When eigenvalues are to be computed to high relative accuracy, it is often preferable to work with LDL^T factorizations instead of the original tridiagonal T, see for example the MRRR algorithm. In these cases, the Sturm count has to be computed from LDL^T. The differential stationary and progressive qds algorithms are the methods of choice.
While it seems trivial to replace T by LDL^T, in reality these algorithms are more complicated: in IEEE-754 arithmetic, a zero pivot produces an overflow, followed by an invalid exception (NaN), that renders the Sturm count incorrect.
We present alternative, safe formulations that are guaranteed to produce the correct result.
Benchmarking these algorithms on a variety of platforms shows that the original formulation without tests is always faster provided no exception occurs. The transforms see speed-ups of up to 2.6 times over the careful formulations.

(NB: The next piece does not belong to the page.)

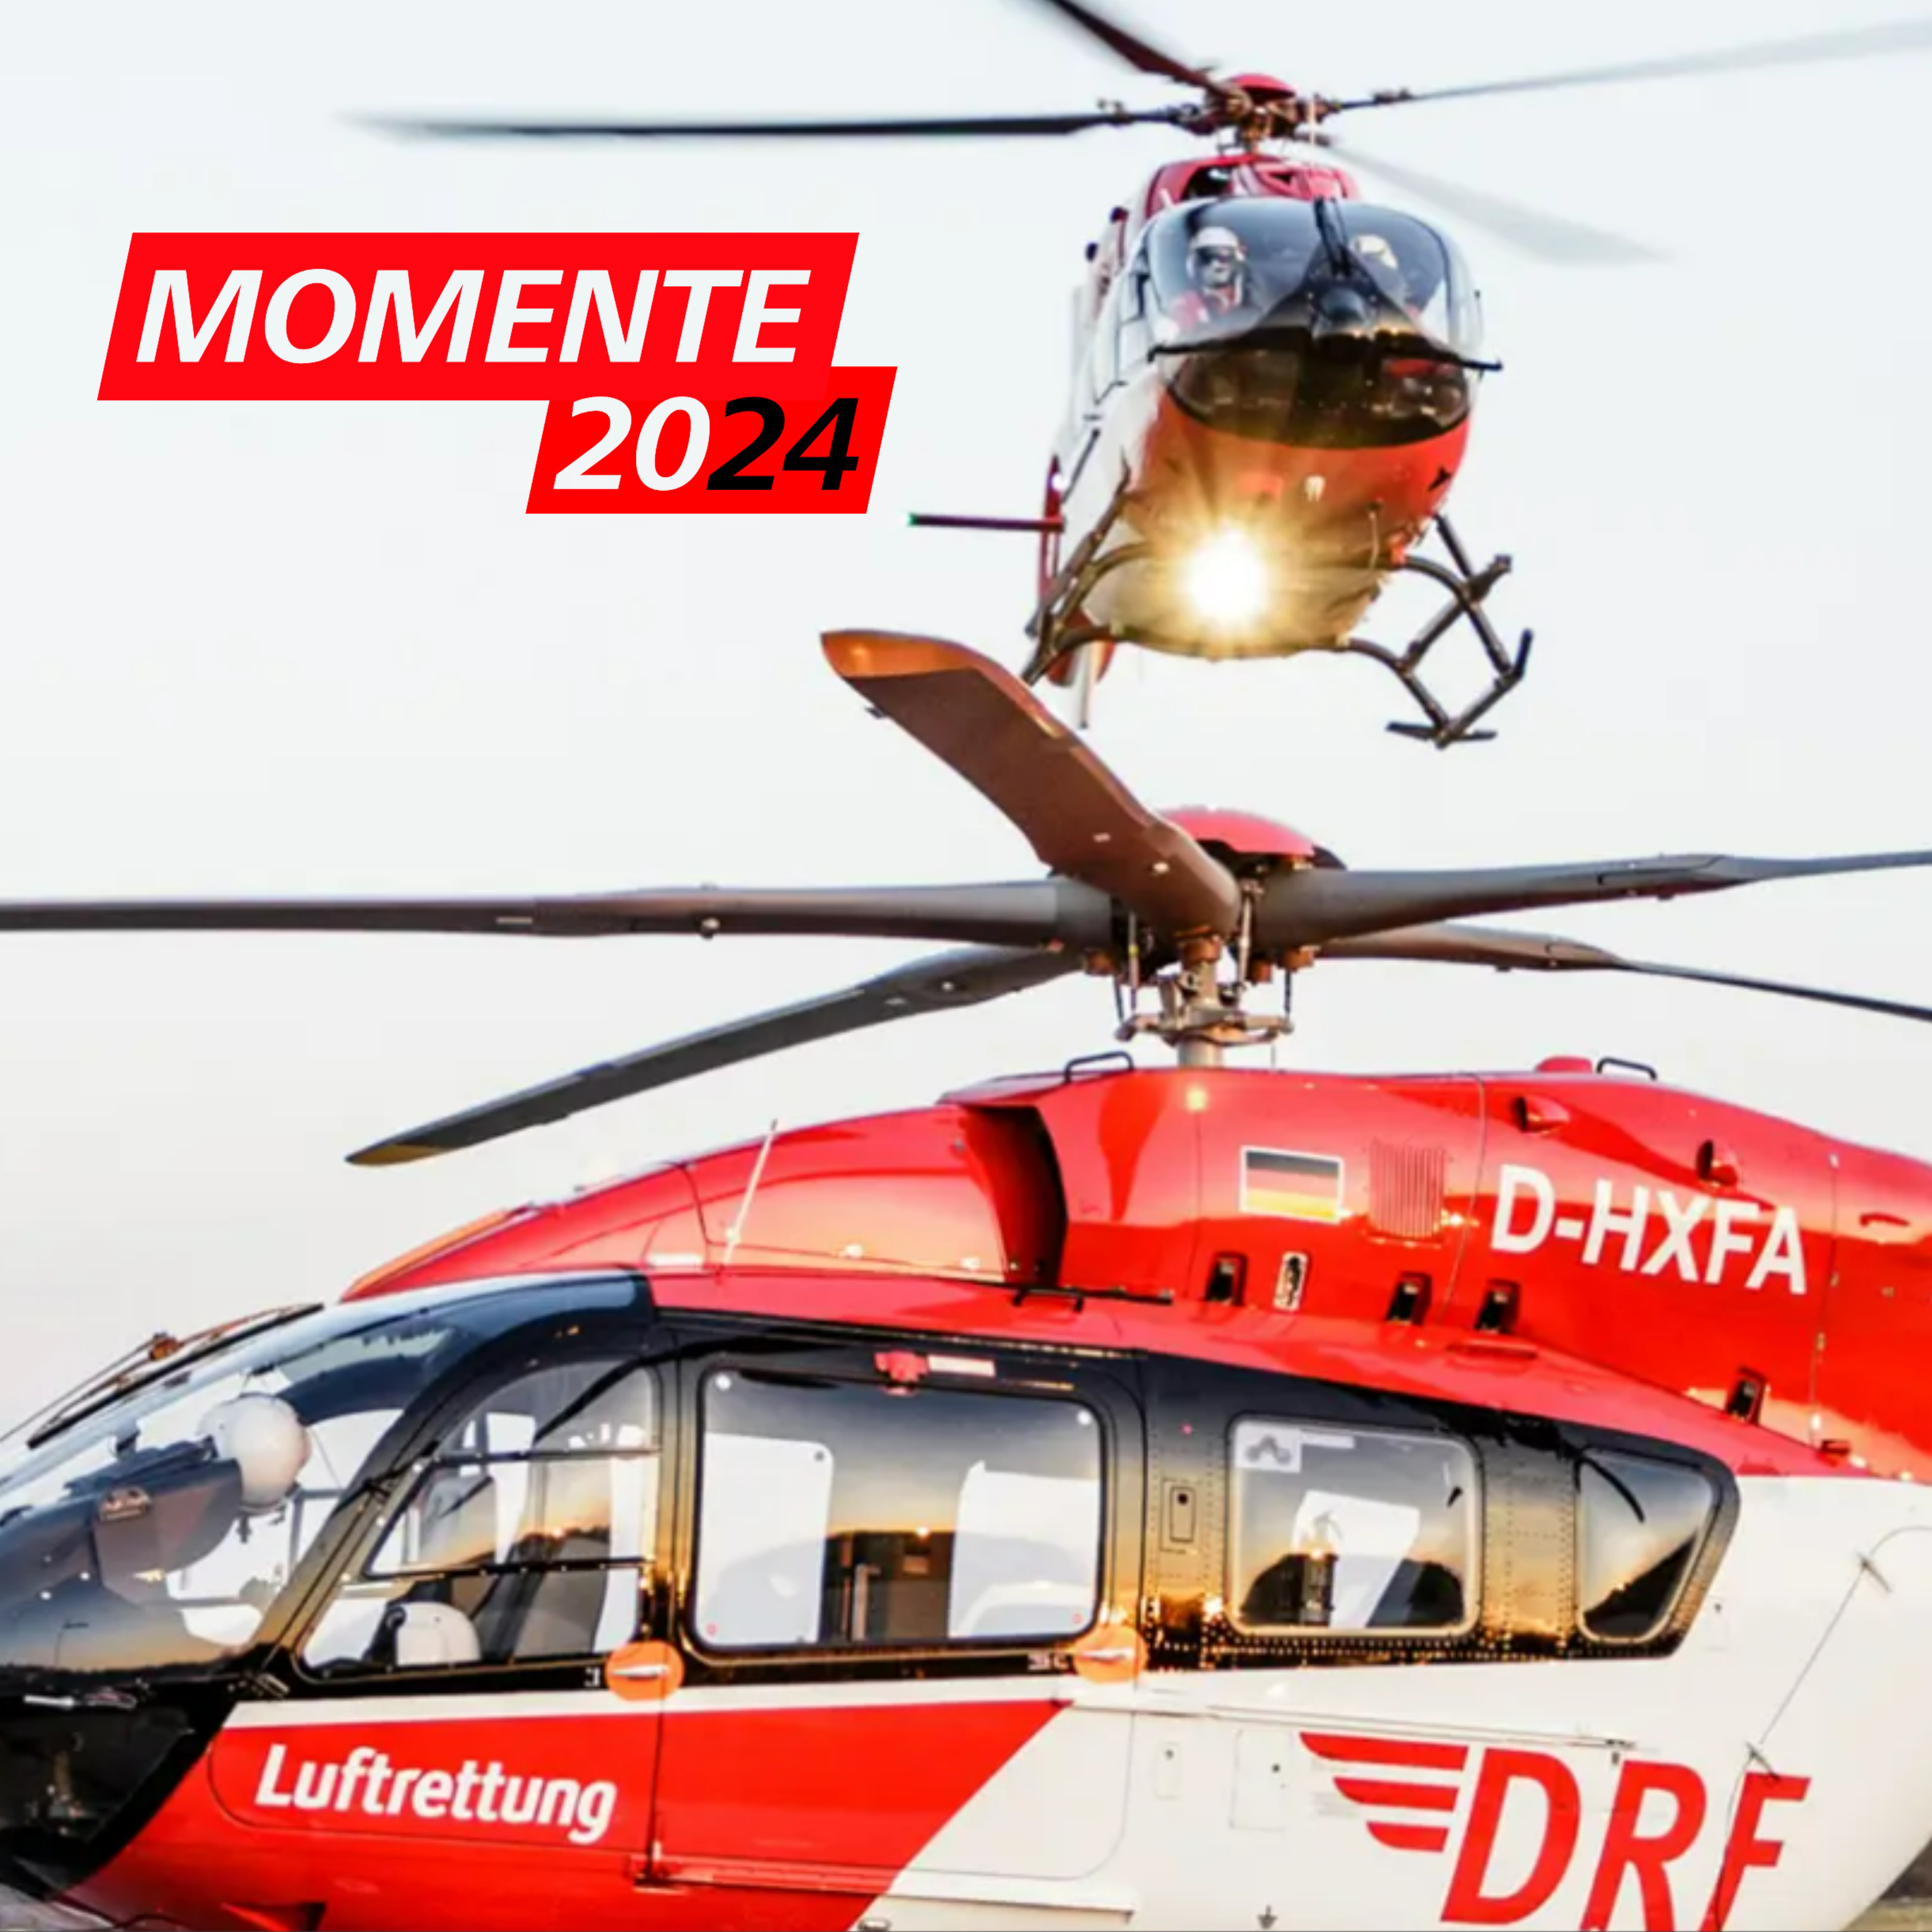 Geschichten, Menschen, Emotionen – der digitale Jahreskalender der DRF Luftrettung ist jetzt verfügbar!

Tests on industrial matrices show that encountering exceptions in practice is rare. This leads to the following design: First, compute the Sturm count by the fast but unsafe algorithm. Then, if an exception occurred, recompute the count by a safe, slower alternative.
The improved Sturm count algorithms improve the speed of bisection by up to 2 times on our test matrices. Furthermore, unlike the traditional tiny-pivot substitution, proper use of IEEE-754 features provides a careful formulation that imposes no input range restrictions.